< Micah 5 >

1 Now you will cut yourself O daughter of troop[s] a siege someone has set on us with rod they will strike on the cheek [the] judge of Israel.
Nu, rot u met benden, gij dochter der bende, hij zal een belegering tegen ons stellen; zij zullen den rechter Israels met de roede op het kinnebakken slaan.
2 And you O Beth-lehem Ephrathah [are] insignificant to be among [the] families of Judah from you for me someone will go out to be ruler over Israel and origins his [are] from antiquity from days of antiquity.
En gij, Bethlehem Efratha! zijt gij klein om te wezen onder de duizenden van Juda? Uit u zal Mij voortkomen, Die een Heerser zal zijn in Israel, en Wiens uitgangen zijn van ouds, van de dagen der eeuwigheid.

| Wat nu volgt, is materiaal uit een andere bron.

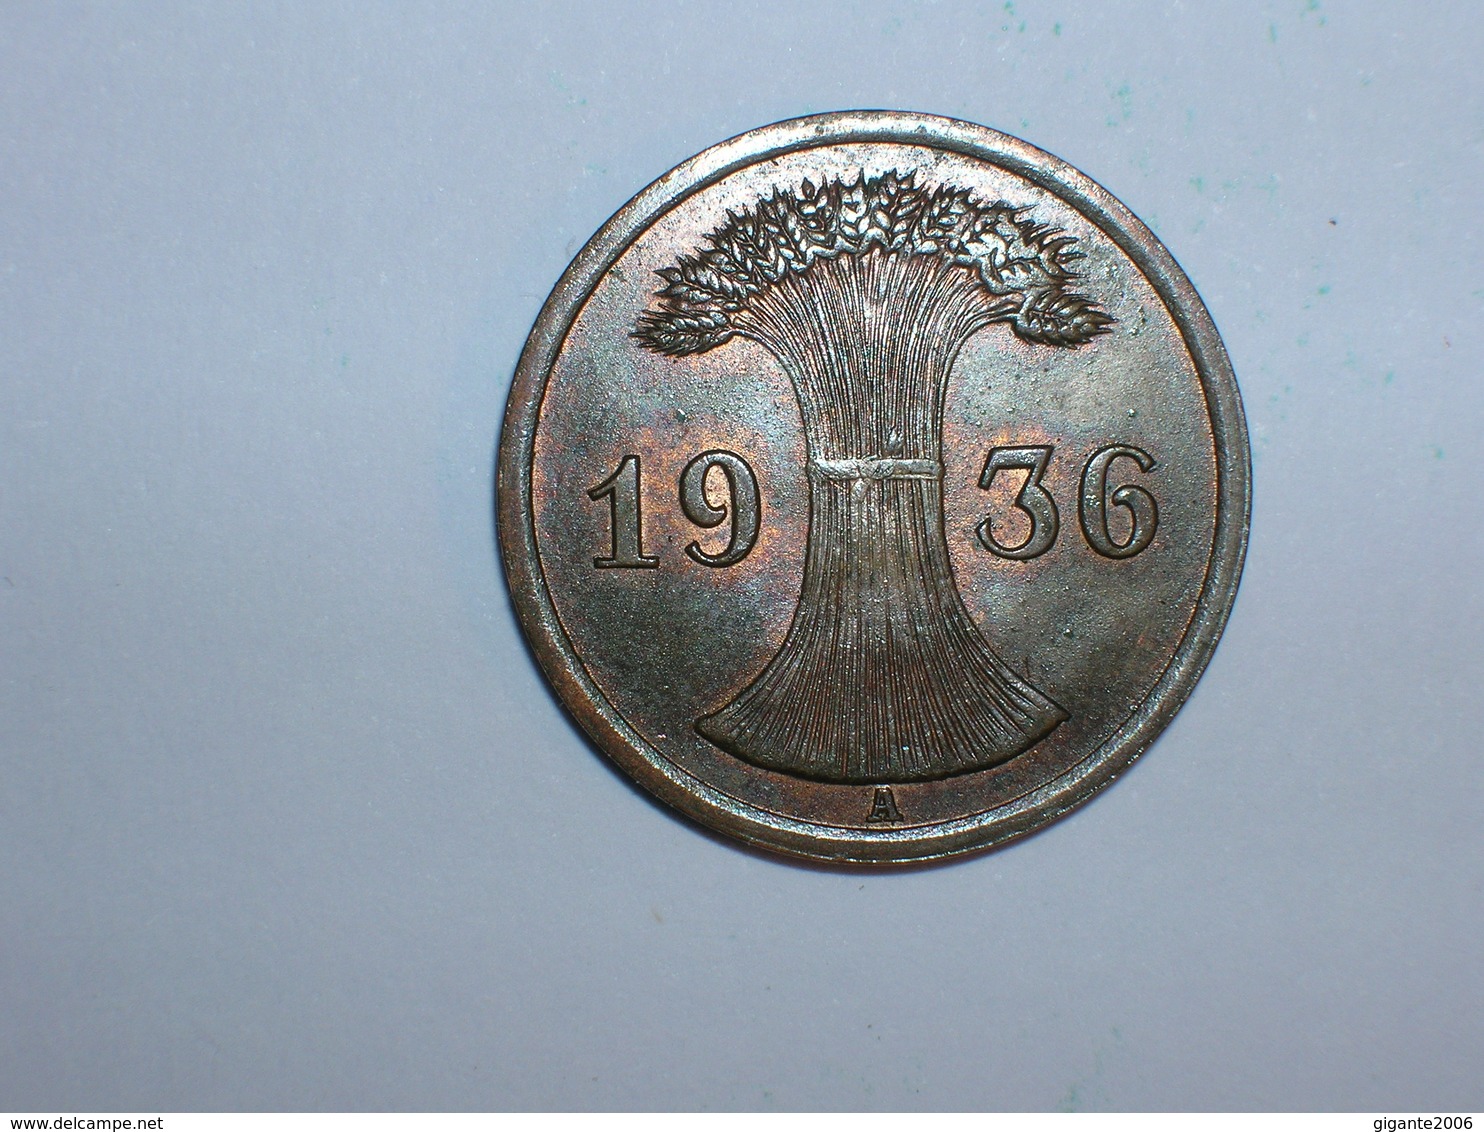 ALEMANIA 1 REICHPFENNIG 1936 A (1177) - 2 Reichspfennig
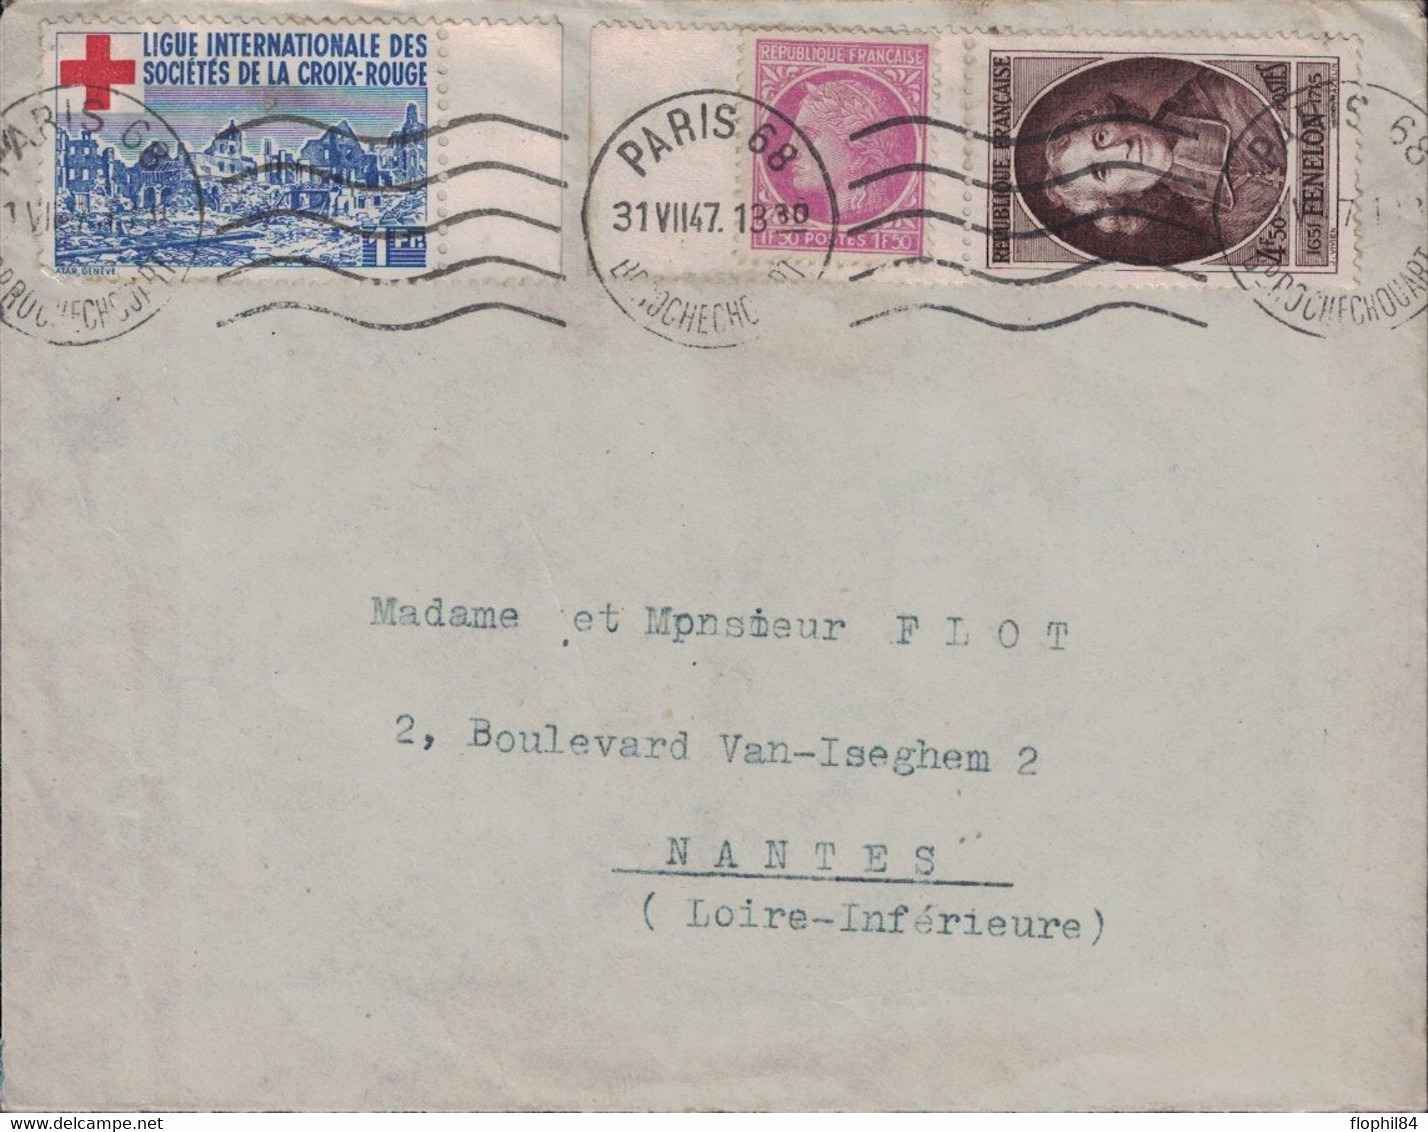 PARIS 68 - BD ROCHECHOUARD - TIMBRE DE DE LA LIGUE DES STES DE LA CROIX ROUGE - BEL AFFRANCHISSEMENT - 31-7-1947. - Cruz Roja

3 Therefore he will deliver up them until a time [when one who is] about to give birth she has given birth and [the] rest of brothers his they will return! with [the] people of Israel.
Daarom zal Hij henlieden overgeven, tot den tijd toe, dat zij, die baren zal, gebaard hebbe; dan zullen de overigen Zijner broederen zich bekeren met de kinderen Israels.
4 And he will stand and he will shepherd by [the] strength of Yahweh by [the] majesty of [the] name of Yahweh God his and they will remain for now he will be great to [the] ends of [the] earth.
En Hij zal staan, en zal weiden in de kracht des HEEREN, in de hoogheid van den Naam des HEEREN, Zijns Gods, en zij zullen wonen, want nu zal Hij groot zijn tot aan de einden der aarde.
5 And he will be this [one] peace Assyria - for it will come in land our and for it will tread on fortresses our and we will raise up on him seven shepherds and eight princes of man.
En Deze zal Vrede zijn; wanneer Assur in ons land zal komen, en wanneer hij in onze paleizen zal treden, zo zullen wij tegen hem stellen zeven herders, en acht vorsten uit de mensen.
6 And they will shepherd [the] land of Assyria with the sword and [the] land of Nimrod at entrances its and he will deliver [us] from Assyria if it will come in land our and for it will tread in territory our.
Die zullen het land van Assur afweiden met het zwaard, en het land van Nimrod in deszelfs ingangen. Alzo zal Hij ons redden van Assur, wanneer dezelve in ons land zal komen, en wanneer hij in onze landpale zal treden.
7 And it will be - [the] remnant of Jacob in [the] midst of peoples many like dew from with Yahweh like copious showers on vegetation which not it waits for anyone and not it waits for [the] children of humankind.
En Jakobs overblijfsel zal zijn in het midden van vele volken, als een dauw van den HEERE, als droppelen op het kruid, dat naar geen man wacht, noch mensenkinderen verbeidt.
8 And it will be [the] remnant of Jacob among the nations in [the] midst of peoples many like a lion among [the] animals of [the] forest like a young lion (among flocks of *L(abh)*) sheep which if it has passed through and it tramples and it tears and there not [is] a deliverer.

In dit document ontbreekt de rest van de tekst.